In recent years, various areas of research have demanded cost-effective assays and reactions of diminishing scale, increasing efficiency and accuracy, with high-throughput capacity. Multi-well devices with multiple individual wells, such as multi-well plates or multi-well blocks, are some of the most commonly used tools to carry out such reactions and assays. A variety of multi-well arrangements, constructed according to standardized formats, are commercially available. For example, a multi-well device having ninety-six depressions or wells arranged in a 12×8 array is a commonly used arrangement. Conventional multi-well devices may have wells with either fluid-impervious bottom surfaces to retain matter in the wells or open bottoms, in which case a receptacle plate may be placed underneath the multi-well device to collect matter flowing from the wells.
Test plates for numerous applications are well-known in the art. For example, test plates are known for use in culturing tissue samples. Other forms of test plates are adapted for carrying out chemical reactions or for use in micro-chromatography.

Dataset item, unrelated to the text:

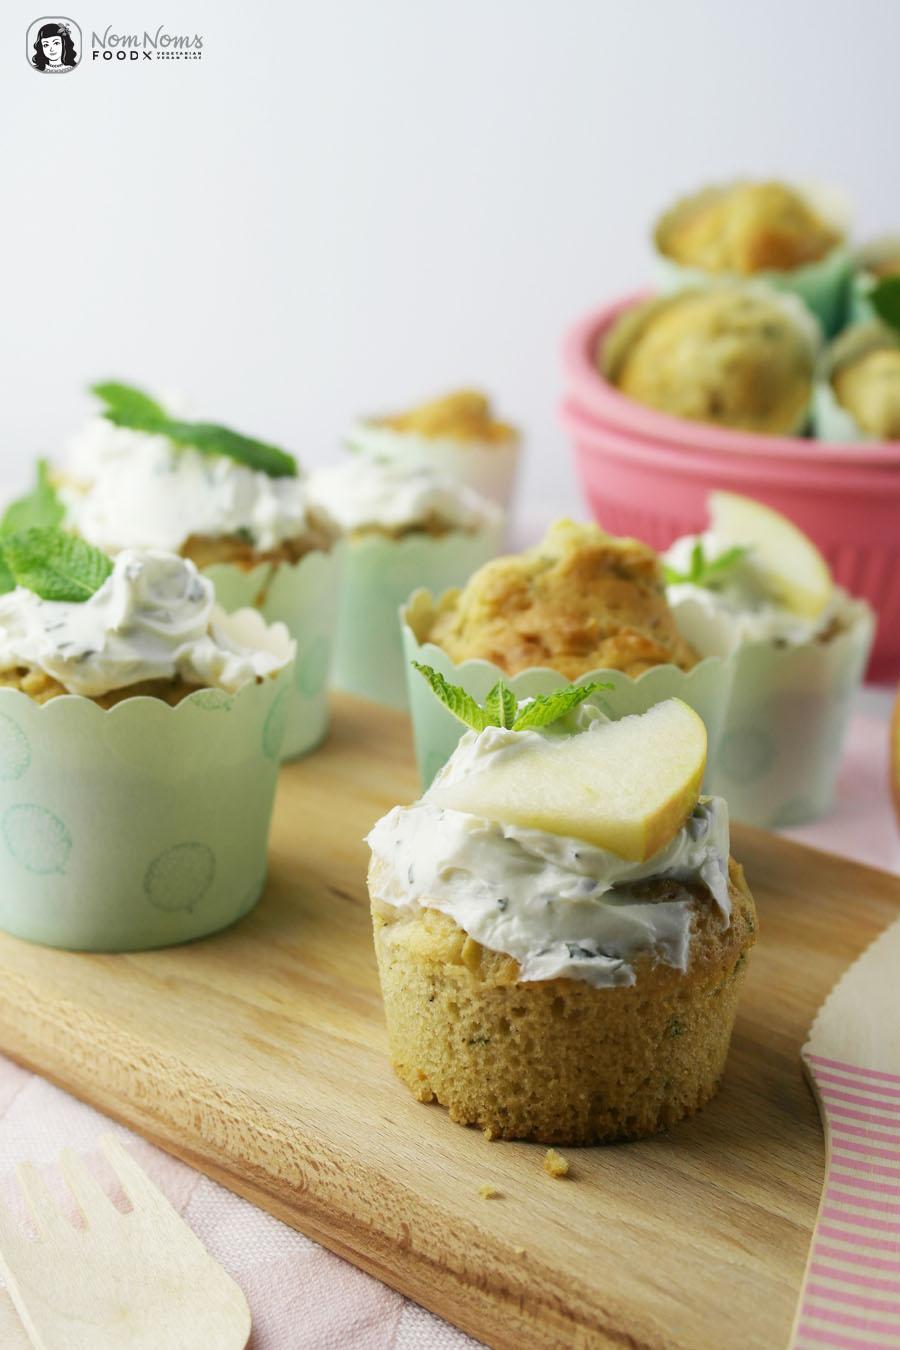 Apfel-Minz-Muffins mit Minz-Frosting

For applications requiring filtration, respective filters may be positioned in the wells of a multi-well device. In such applications, vacuum or pressure may be applied to facilitate filtration of fluid samples in the wells of the device. Following filtration, the fluids may be collected in individual containers or wells of a receptacle plate.
Despite these prior inventions, there exists a continuing need for new and improved multi-well apparatus and methods for their use.